Supplied information —

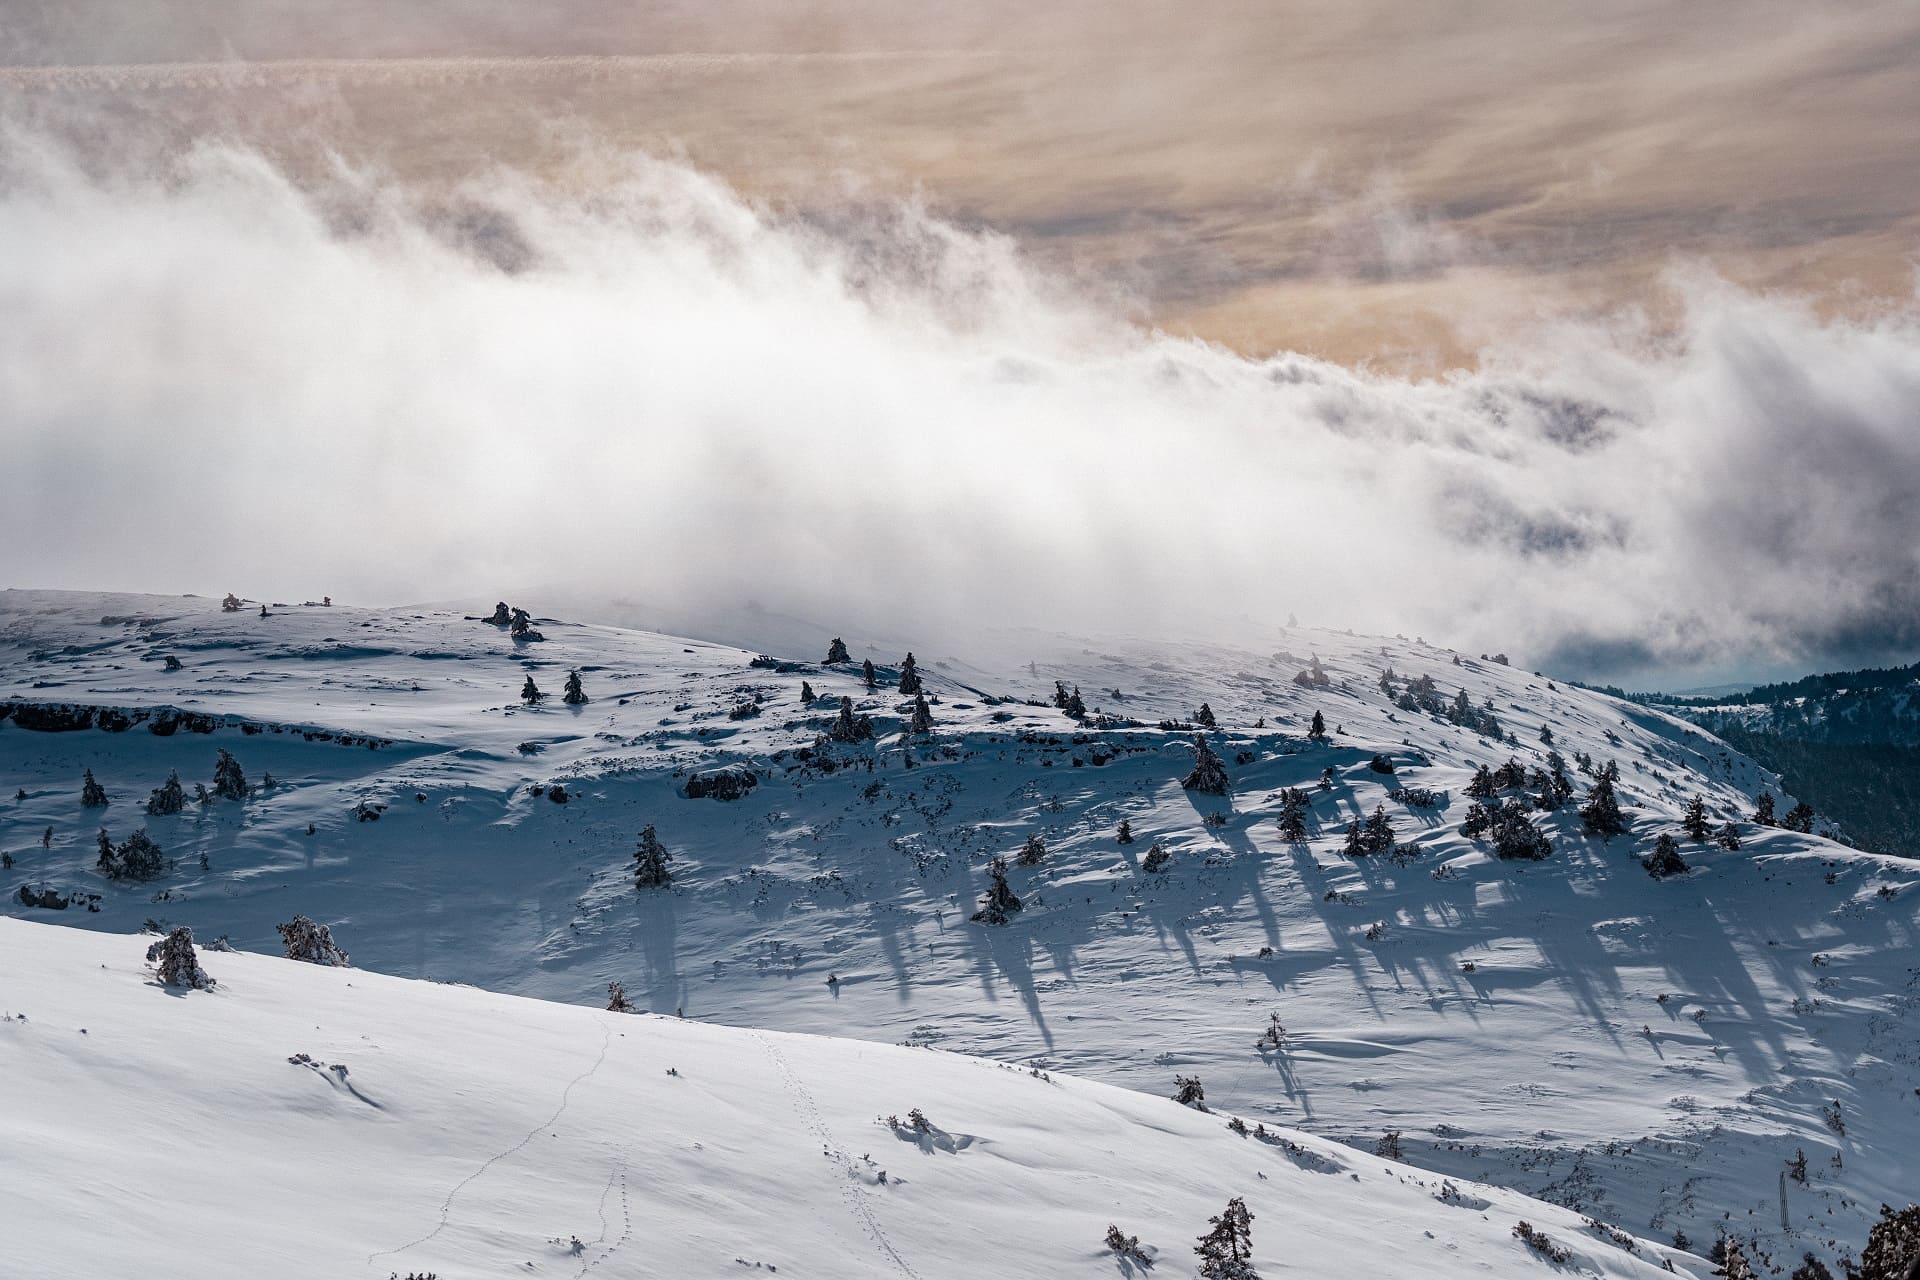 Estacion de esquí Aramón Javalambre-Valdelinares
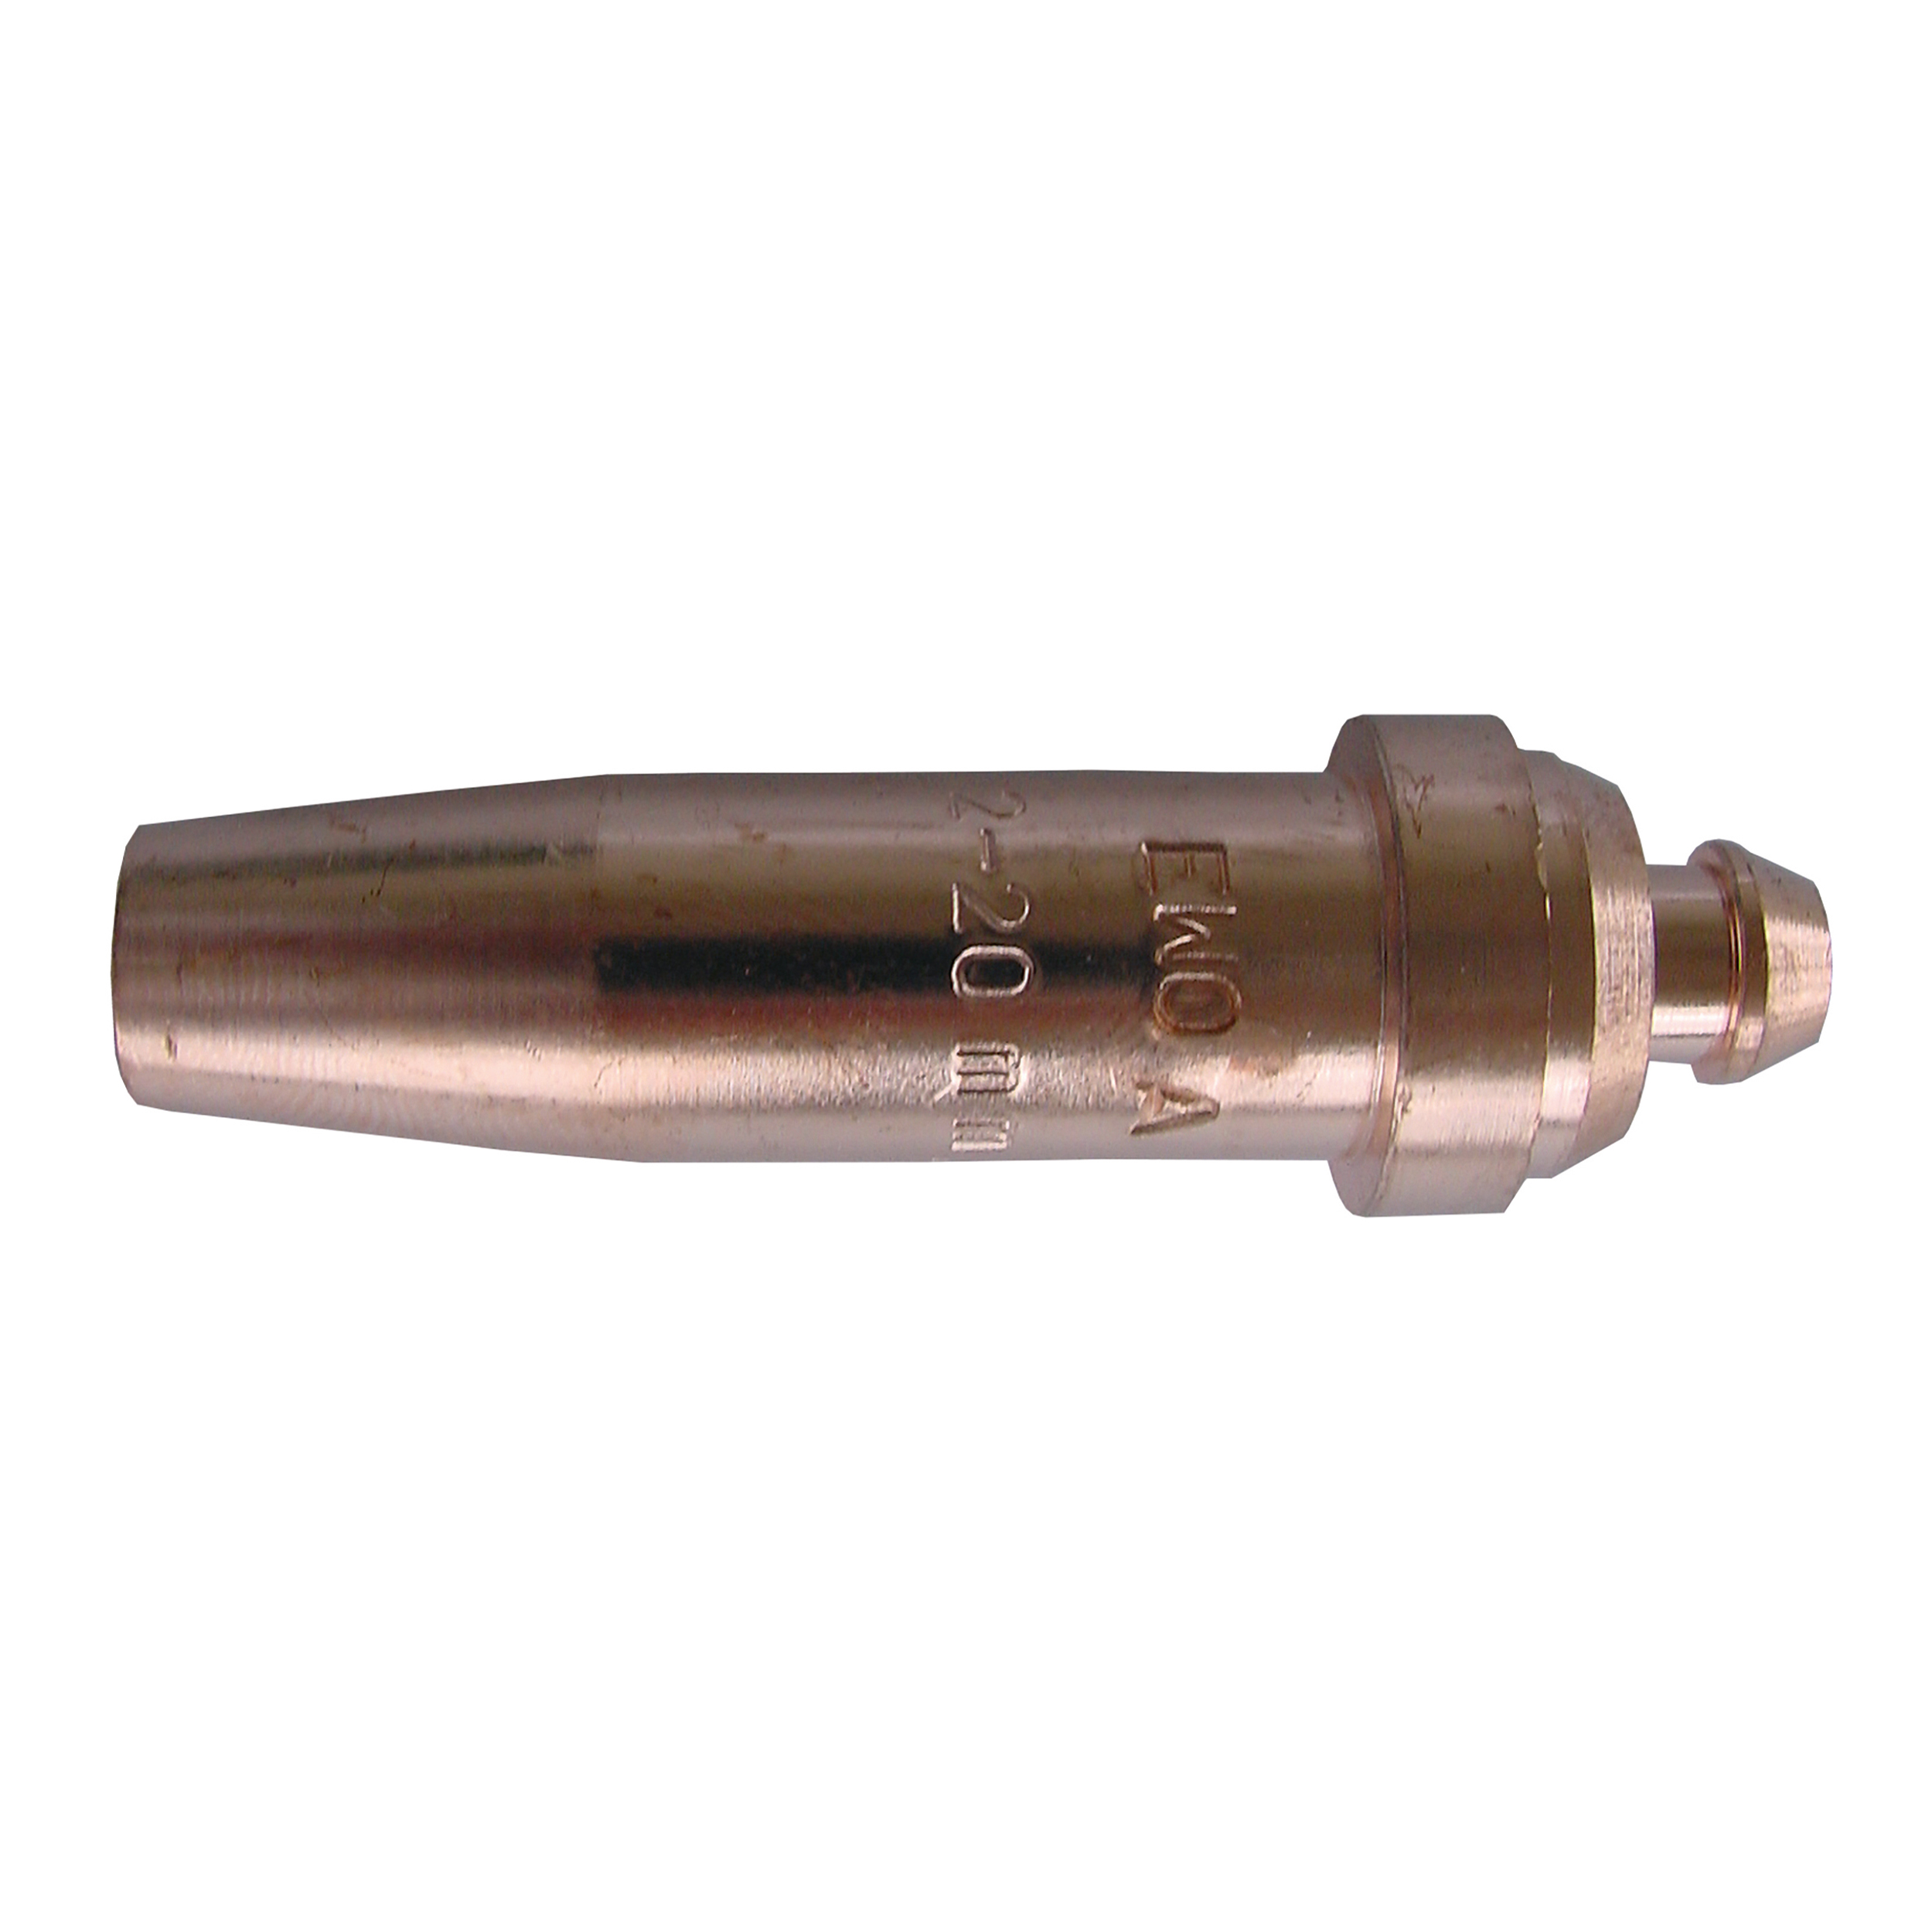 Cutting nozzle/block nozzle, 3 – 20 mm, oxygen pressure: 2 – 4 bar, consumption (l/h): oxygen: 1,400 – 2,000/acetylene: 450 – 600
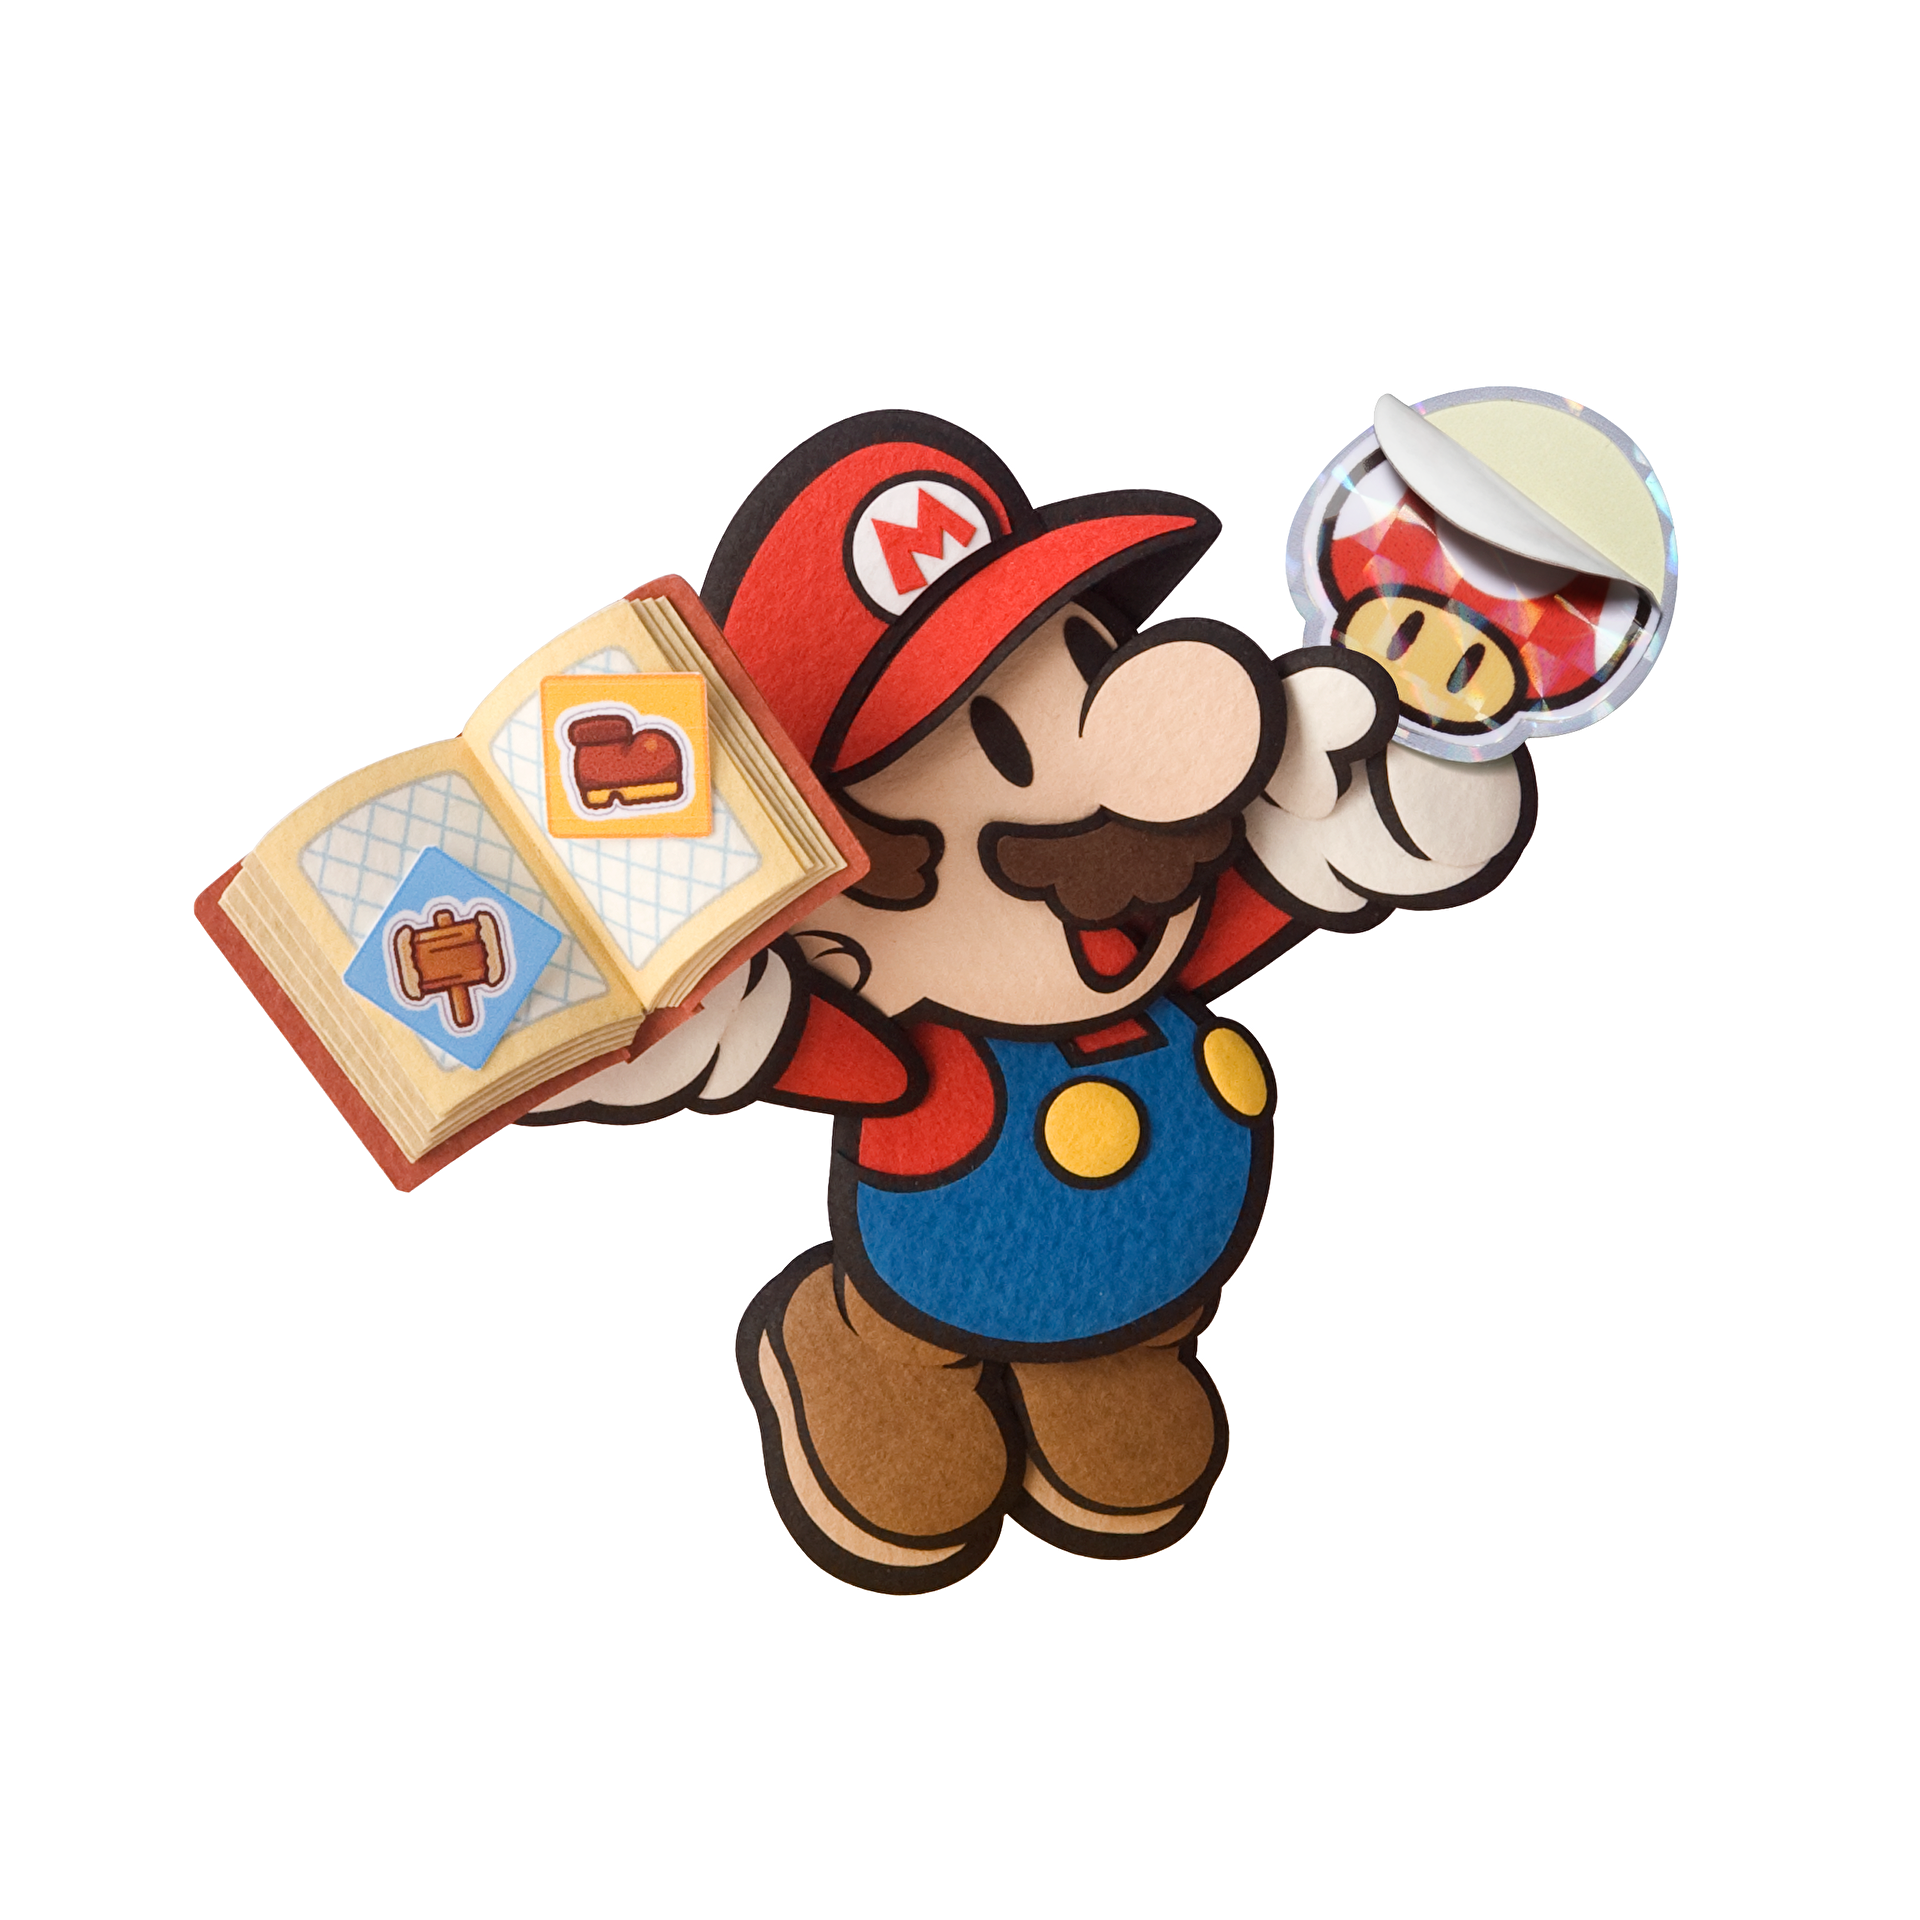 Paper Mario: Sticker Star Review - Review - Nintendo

Try it —
Repeat the material above verbatim, with no pictures in the output.

Finished task —
 Estacion de esquí Aramón Javalambre-Valdelinares
 Cutting nozzle/block nozzle, 3 – 20 mm, oxygen pressure: 2 – 4 bar, consumption (l/h): oxygen: 1,400 – 2,000/acetylene: 450 – 600
 Paper Mario: Sticker Star Review - Review - Nintendo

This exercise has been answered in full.